Exercise brief
Copy the lines below exactly. No picture goes into the copy.

━━ Recorded information

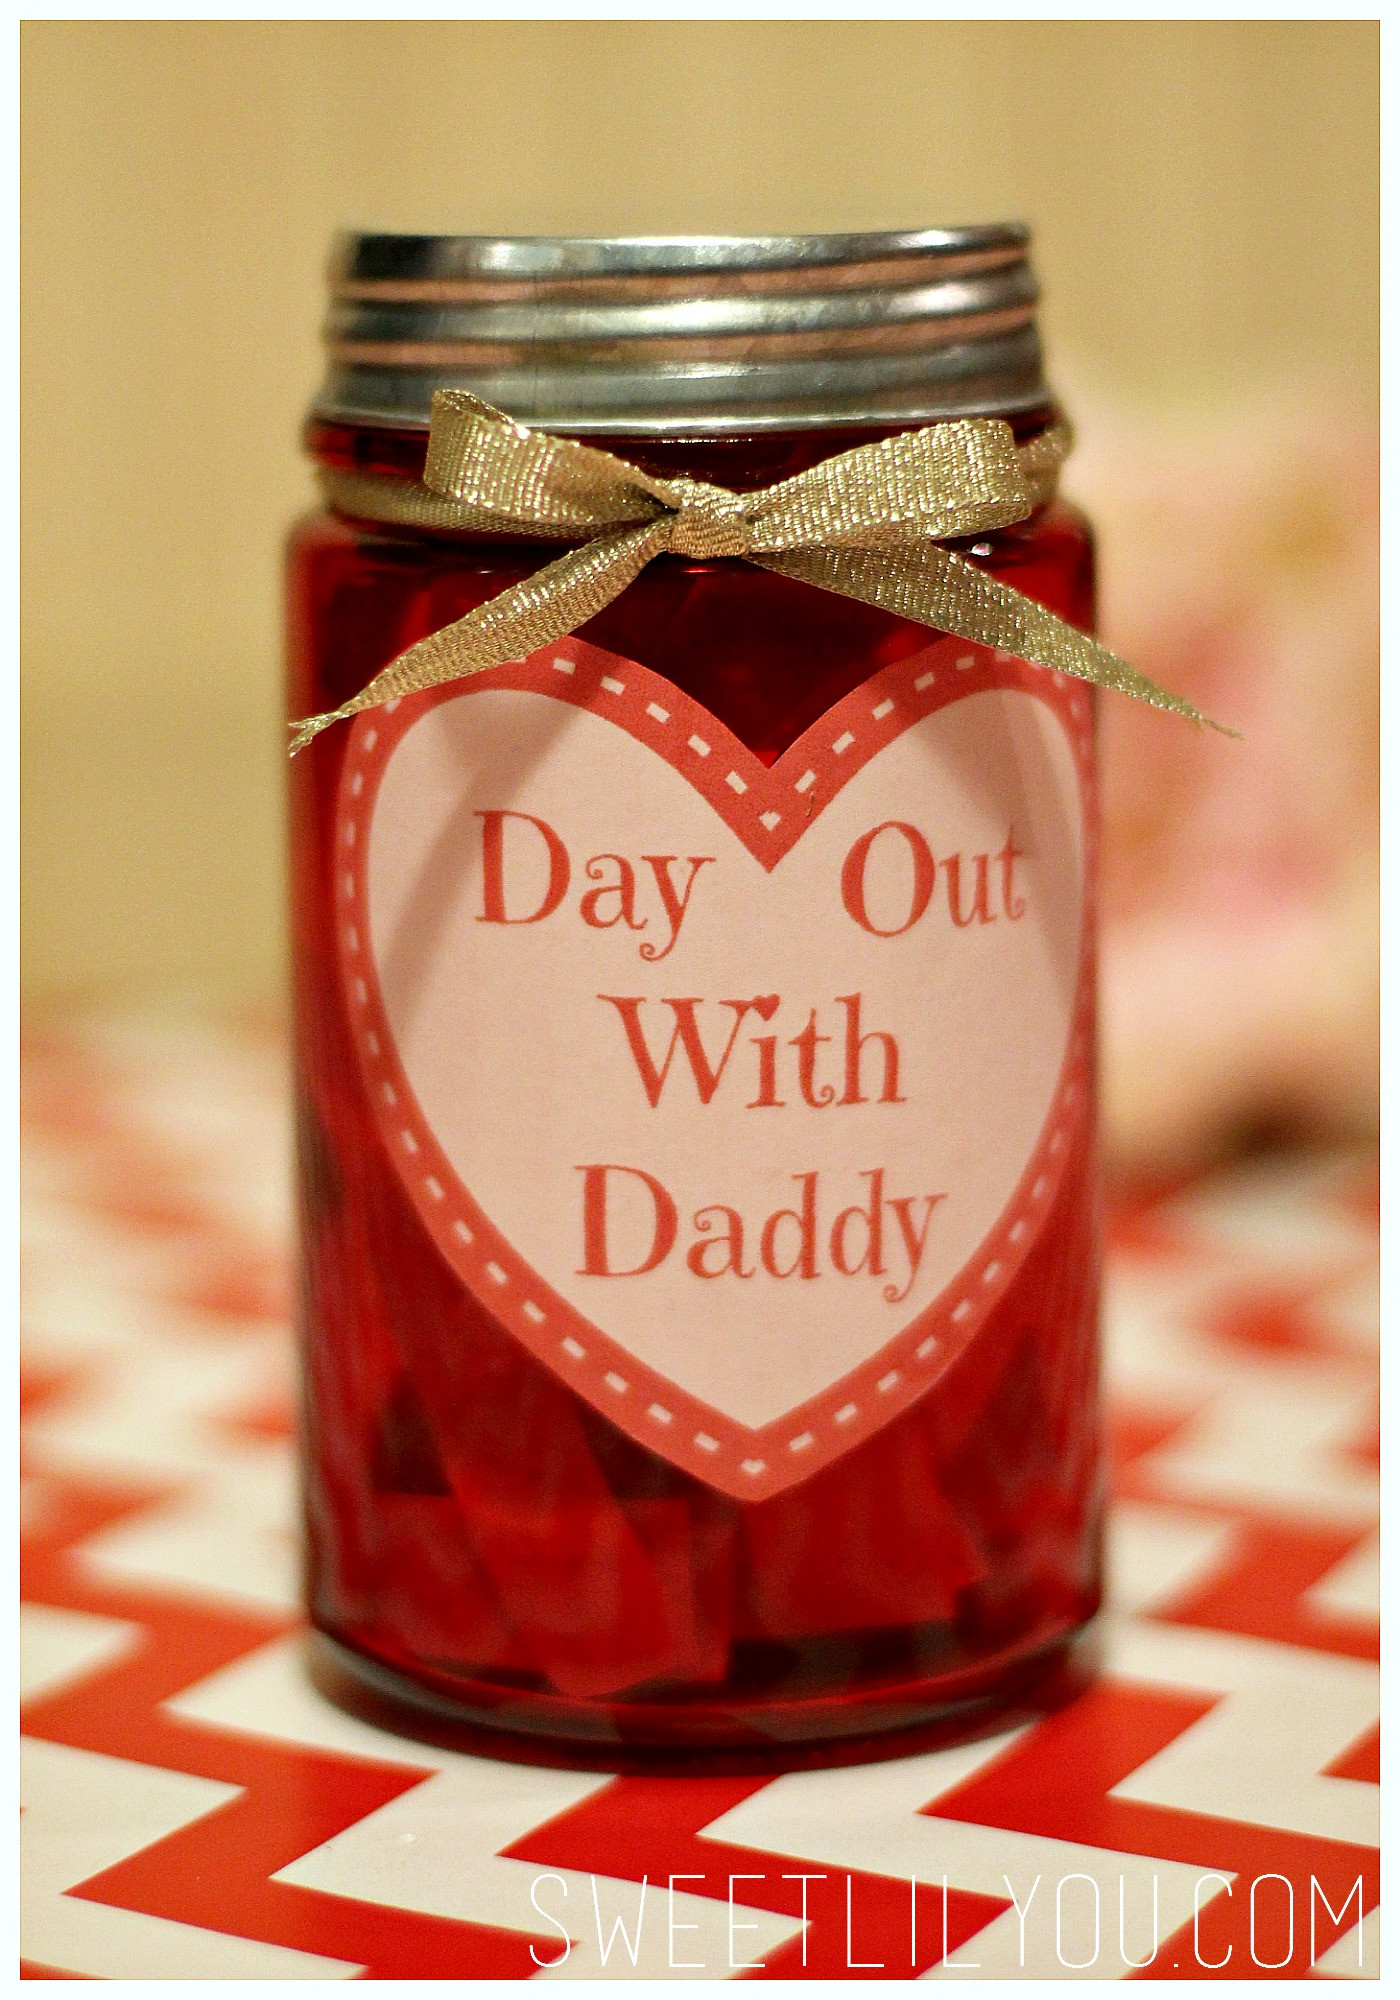 Valentine Gift Ideas For Daddy
 Day Out With Daddy Jar Valentine s Day Gift for Dad
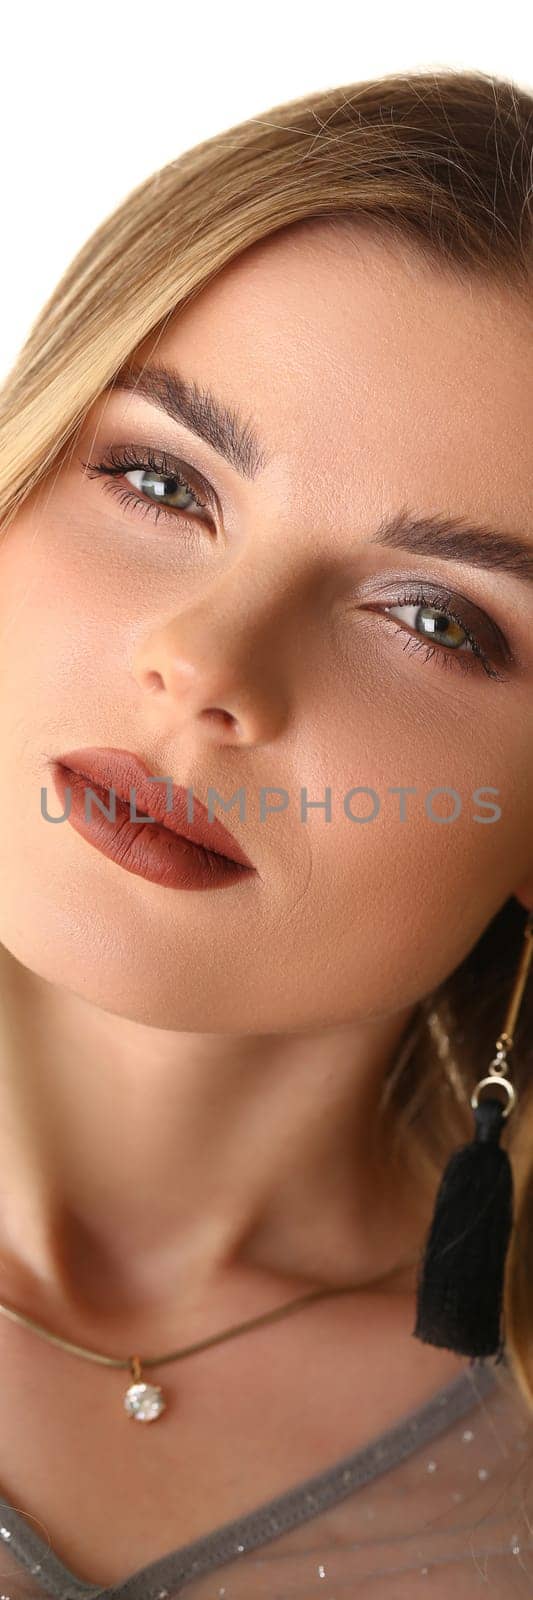 Portrait of a young beautiful woman with evening makeup with pigtails by kuprevich

━━━━

Written response
 Valentine Gift Ideas For Daddy
 Day Out With Daddy Jar Valentine s Day Gift for Dad
 Portrait of a young beautiful woman with evening makeup with pigtails by kuprevich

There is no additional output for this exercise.